Most raw manga, though, is image-only — that is where OCR comes in.
Step 3 — Tapping words inside image-only panels (OCR)
When the page is just pictures, よむ uses OCR to recognise the Japanese and then lets you tap it like normal text. There are two free routes:
Embedded OCR (e.g. Mokuro). Some manga is pre-processed with Mokuro, which generates an HTML overlay mapping recognised text to each panel. If a chapter ships this metadata, よむ reads it directly — taps are instant and nothing is processed on the fly. This is the smoothest experience when it is available.
A local OCR engine. For plain images with no embedded text, you run a local OCR engine — MangaOCR, PaddleOCR, an Apple Vision-style recogniser, or a YomiNinja-shaped setup — and point よむ at it. You tap a bubble, the panel image goes to your local endpoint, and the recognised text becomes tappable.

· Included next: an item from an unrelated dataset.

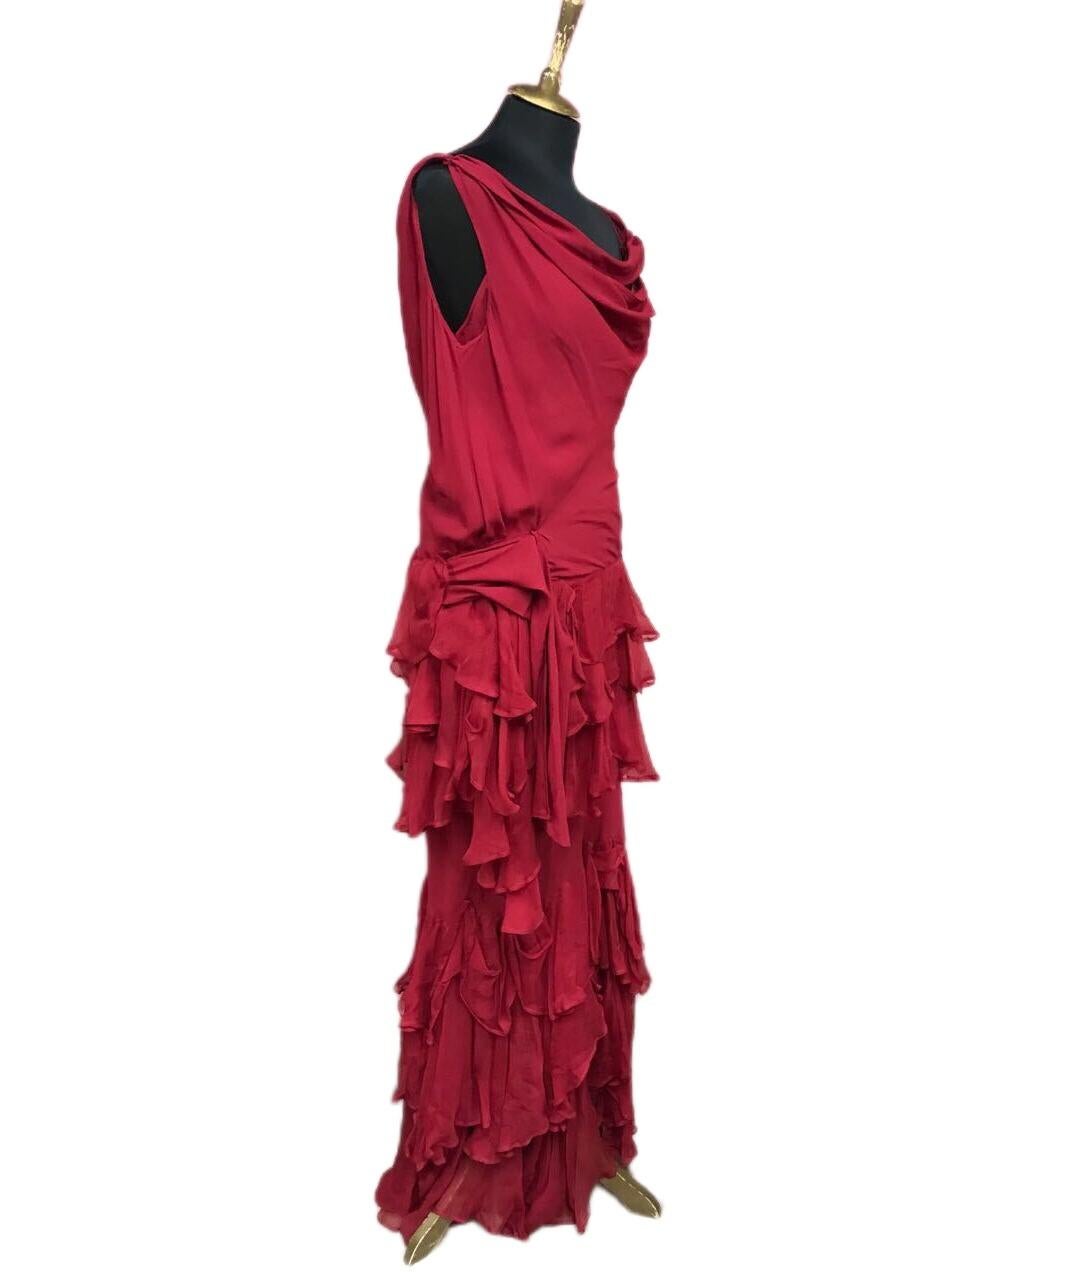 dior red dress vintage

You configure all of this in the OCR settings:

The full reference for OCR engines, endpoints and image handling lives on the Japanese OCR page.
Step 4 — Readings, furigana and meaning on demand
Once words are tappable, the popup does the heavy lifting. For a missing reading, よむ shows the reading right there; you can also turn on furigana so kanji get readings inline as you read. Choose all words, hard kanji only, or hide-for-known so you only see furigana on words you have not learned yet — which keeps an easier title from becoming a wall of kana.

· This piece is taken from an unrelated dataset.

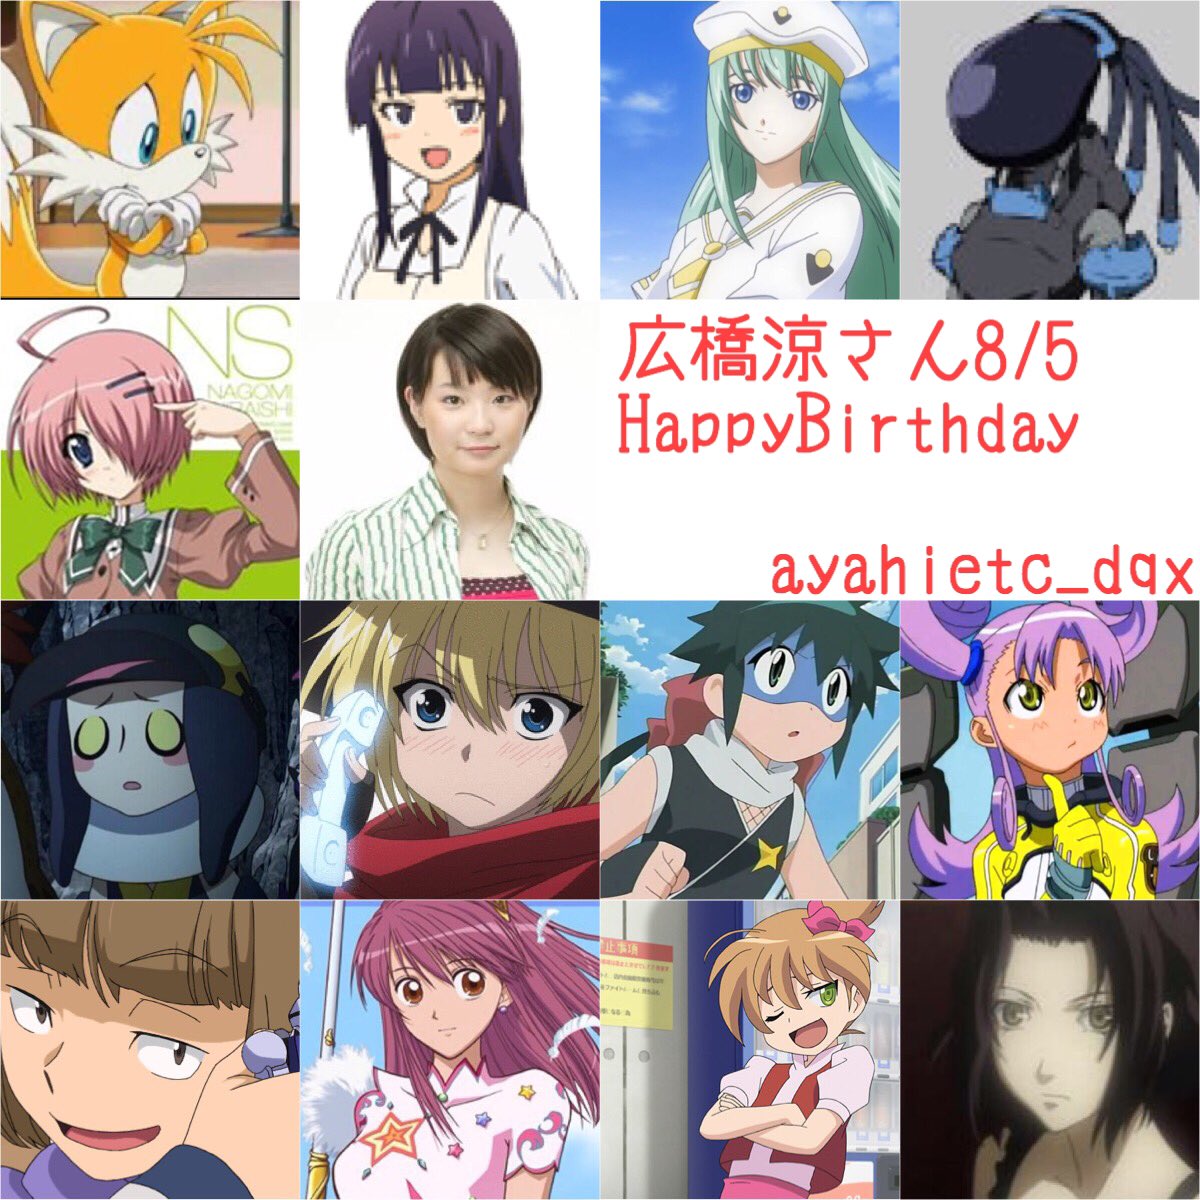 則巻ガジラ Pa Twitter 8 5は 声優の広橋涼さんの誕生日です おめでとうございます 広橋涼誕生祭

Stuck on a single kanji rather than a word? Tap it to open the kanji drilldown: stroke count, grade, JLPT level, on/kun readings, RTK data, components, animated KanjiVG stroke order, and a small drawing pad. Details on the furigana reader page.

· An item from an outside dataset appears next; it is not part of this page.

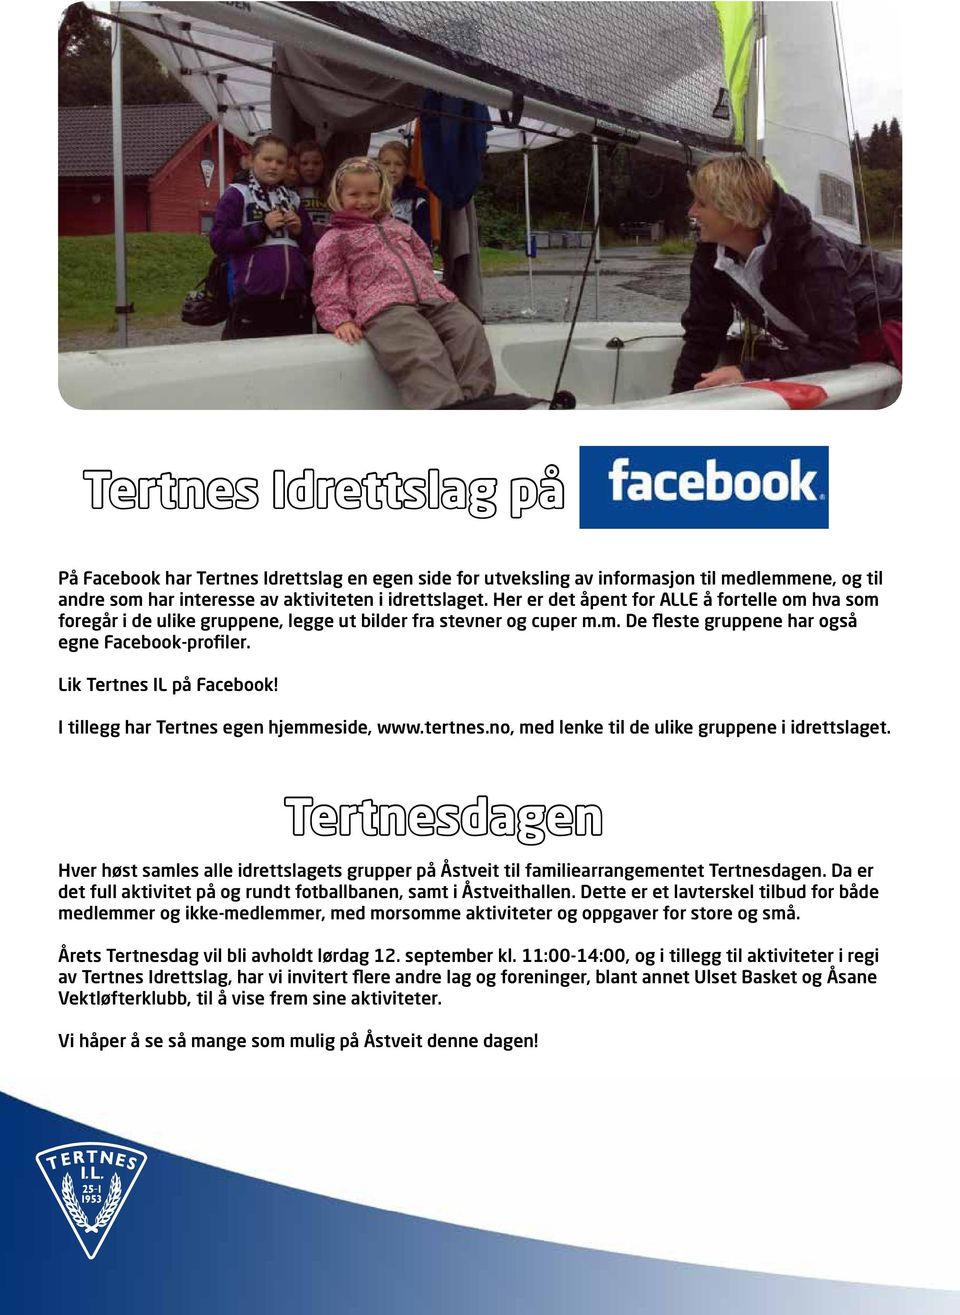 I tillegg har Tertnes egen hjemmeside, www.tertnes.no, med lenke til de ulike gruppene i idrettslaget.

Step 5 — Mine the words worth remembering
Reading is the point; reviewing makes it stick. When a word matters, save it instead of re-looking it up next chapter:
- Jiten/JPDB: add the word, mark never-forget, blacklist noise, or send review grades straight from the popup.
- Anki (via AnkiConnect): create a card with the word, reading, meaning, the source sentence from the panel, audio, and optionally the panel image.
A sentence mined from manga you actually read beats a wordlist. Full workflow in the mine sentences to Anki guide.
Where to find legal, free manga to read
Keep it legitimate — there is plenty:
- Graded readers and learner sites publish easy Japanese, often with selectable text and furigana.
- Official free chapters. Many publishers and creators put first chapters or ongoing series online for free.
- MangaDex-style readers host community and officially-permitted releases; some chapters ship Mokuro overlays.
This guide does not recommend or link to piracy. Read from sources you are entitled to.
Practical tips for beginners
- Start easy. Pick a title that is mostly comprehensible. If every bubble needs three lookups, drop down a level.
- Look up only what blocks you. If you got the gist from the art and context, keep reading.
- Lean on hide-for-known furigana so you train recall on familiar words and only get help on new ones.
- Mine sparingly. A handful of good sentence cards per chapter beats fifty you will never review.
- Re-read. The second pass of a volume is fast and confidence-building — repetition is a feature of manga, not a bug.
When you want more input away from the page, comprehensible video pairs well with reading — see the comprehensible input on YouTube guide.
FAQ
Can I tap words inside manga images to look them up? Yes — via embedded Mokuro metadata (instant) or a local OCR engine like MangaOCR or PaddleOCR. See Tapping words inside image-only panels above.
Is my manga uploaded anywhere when I use OCR? No. Embedded Mokuro OCR is read locally; image-only OCR sends images only to a local endpoint you run — there is no cloud service, and nothing is sent if you configure no endpoint.
Do I need to know all the words before I start reading manga? No. Pick a mostly-comprehensible manga, look up only what blocks you, and save the words that matter — rather than memorising everything in one sitting.